Бесспорно, в фехтовании многое к тому времени устарело, и это было видно Виталию Андреевичу уже тогда, но, чтобы сказать свое, новое, слово, необходимо было повариться в гуще мирового фехтования, познать, уже утвердившийся международный уровень и лишь затем попытаться подняться выше. «Чтобы это осознать, нам нужно было пройти через „провал в Хельсинки“, – говорит Виталий Андреевич.-Нас тогда зверски ругали, критиковали. И поделом. (Впрочем, зверски – это с нашей точки зрения, ибо критика фехтовальщиков не идет ни в какое сравнение с тем, как поступили с футболистами, с Борисом…) Признаться, одно время мы чувствовали себя очень скверно и одиноко. Но в конечном счете выстояли. И тут большую помощь на совместных сборах нам оказали венгры. Кроме того, мы начали выезжать на международные турниры – так сказать, на ощупь пробовать западноевропейское фехтование и, в общем, довольно быстро освоились в нем, а затем стали и обгонять.
В сущности, при всей оглушительности провала те Игры показали, что мы на правильном пути, но что нам как воздух необходим большой международный опыт».
Например, наблюдая в Хельсинки за знаменитым «королем» рапиры Христианом Д'Ориоля, фехтованием которого Виталий Андреевич был совершенно очарован, он заметил, что своим боем француз подтверждает бунтарские идеи советских новаторов. Ибо хотя «король» и блистал традиционной французской классикой, тем не менее в нужный момент охотно ее терял, обнажая, выражаясь словами Аркадьева, «всевозможные своизмы».
Виталий Андреевич был весьма изумлен и полон ликования (ага, значит, я прав), когда в одном из боев этот «элегантный хищник» и классик в лучшем смысле этого слова, оказавшись вплотную со своим противником и не имея возможности действовать в соответствии с инструкцией старых классических школ (колоть, растянувшись в выпаде), вдруг молниеносно присел, опустил эфес рапиры вертикально вниз и оттуда снизу вверх направил острие клинка прямо в грудь соперника.
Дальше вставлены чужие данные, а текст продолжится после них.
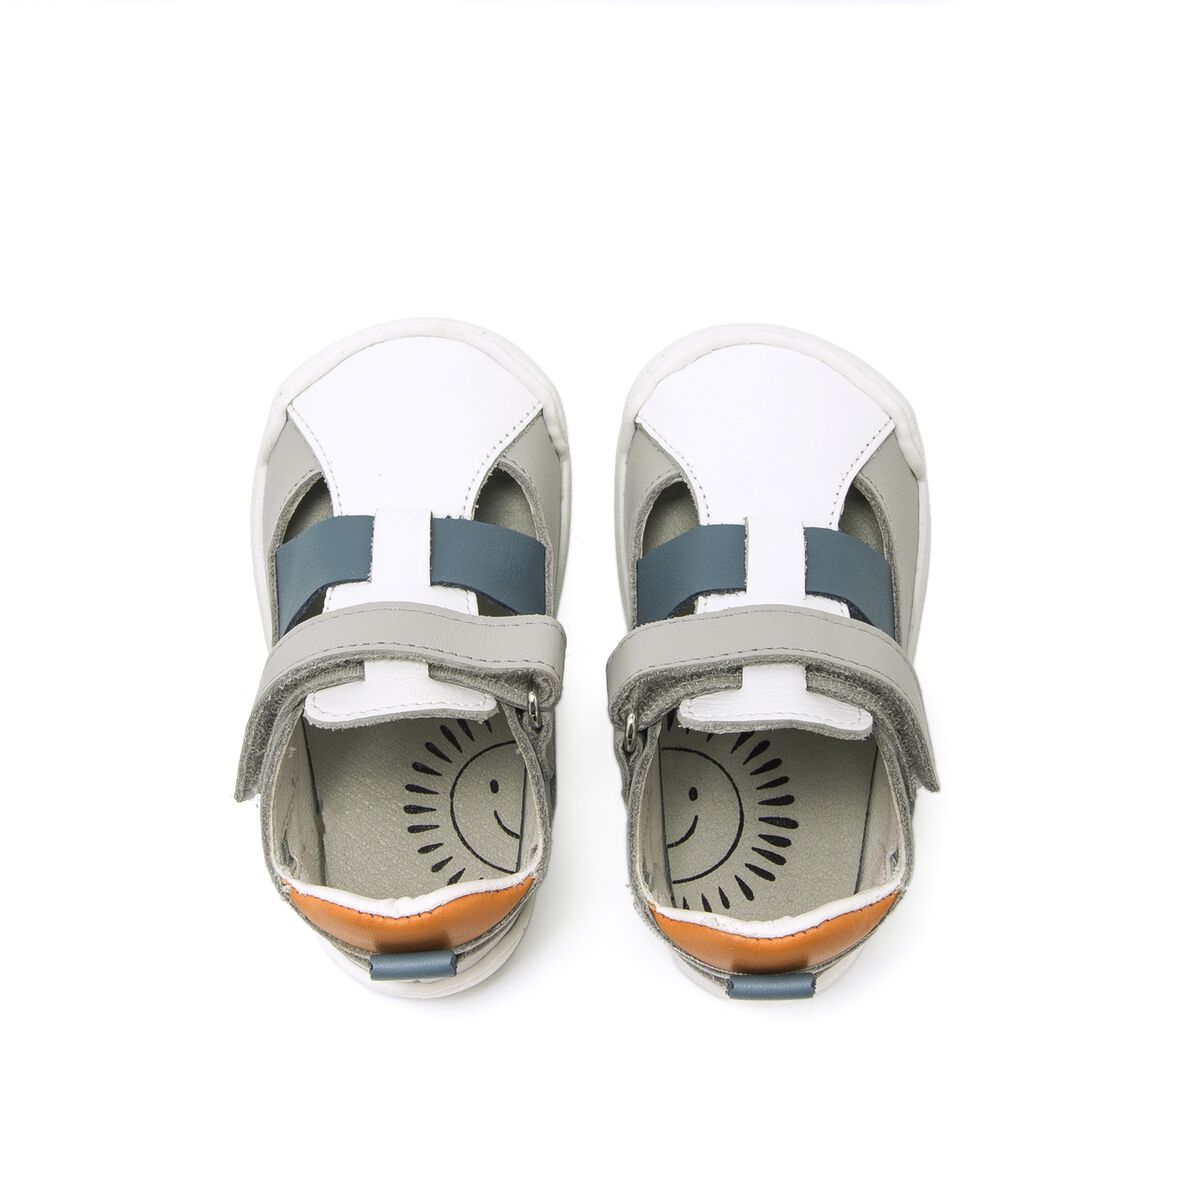 Sandalias de Nino modelo FREE BABY de MTNG image number 5

Это был блестящий пример мобильности, гибкости современного фехтования, когда каноны классики уже не являлись чем-то самодовлеющим, закостенелым и фехтовальщик действовал от обстановки, от противника, а не от себя.
Все это полностью совпадало с представлением Аркадьева о новом, современном фехтовании.
Один из самых знаменитых учеников Виталия Андреевича Марк Мидлер (всего он принял участие в четырех олимпиадах) был единственным из советских фехтовальщиков, кто по специальному разрешению выступал на тех Играх в двух видах оружия. Но впоследствии, поставленный перед дилеммой «сабля или рапира», не раздумывая, выбрал рапиру и в короткий срок снискал себе славу первого рапириста страны (он шестикратный чемпион СССР), а также одного из сильнейших рапиристов мира.
Став первым советским фехтовальщиком, победившим в официальном международном турнире, Мидлер впоследствии не раз выигрывал крупнейшие международные турниры, восемь раз подряд становился чемпионом мира в команде и был пятнадцать лет бессменным капитаном сборной советских рапиристов.
Попадая в финалы личных турниров почти всех чемпионатов мира, в которых участвовал, он дважды становился вторым и один раз третьим. Ходил, как видите, вокруг да около личной золотой медали, но не выиграл. Почему?
Виталий Андреевич считает, что дело тут в том, что Марк Миллер был первым из наших рапиристов, сражавшихся с зарубежными «королями» на равных, и потому ощутил на себе особенно сильный судейский прессинг тех лет, а также все прочие шероховатости неведомой тропы, ведущей к международному помосту.
Те же из наших, что пришли позднее, «выходили в свет» уже ступая по гладкой дорожке, настеленной первопроходцами.
…На уроке Виталия Андреевича Марк Мидлер впервые появился в 1949 году, пройдя перед тем классы Раисы Чернышевой. Раиса Ивановна гордилась своим учеником: умен, талантлив, атлетичен. К тому же он сразу, едва начав заниматься, так органично и легко «сел» в фехтовальную стойку (как правило, новички долго барахтаются и мучаются, прежде чем примут верную позицию), словно ничего естественней для него в жизни не было. И впоследствии Виталий Андреевич был весьма удовлетворен «редкой освояемостыо Марка». Он схватывал приемы, что называется, на лету, фехтовал умно, надежно, точно ориентируясь во всех ситуациях и категориях поединка. Он умел глубоко проникнуть в психологию противника, что позволяло ему с редкой достоверностью предвидеть «вражеские» действия.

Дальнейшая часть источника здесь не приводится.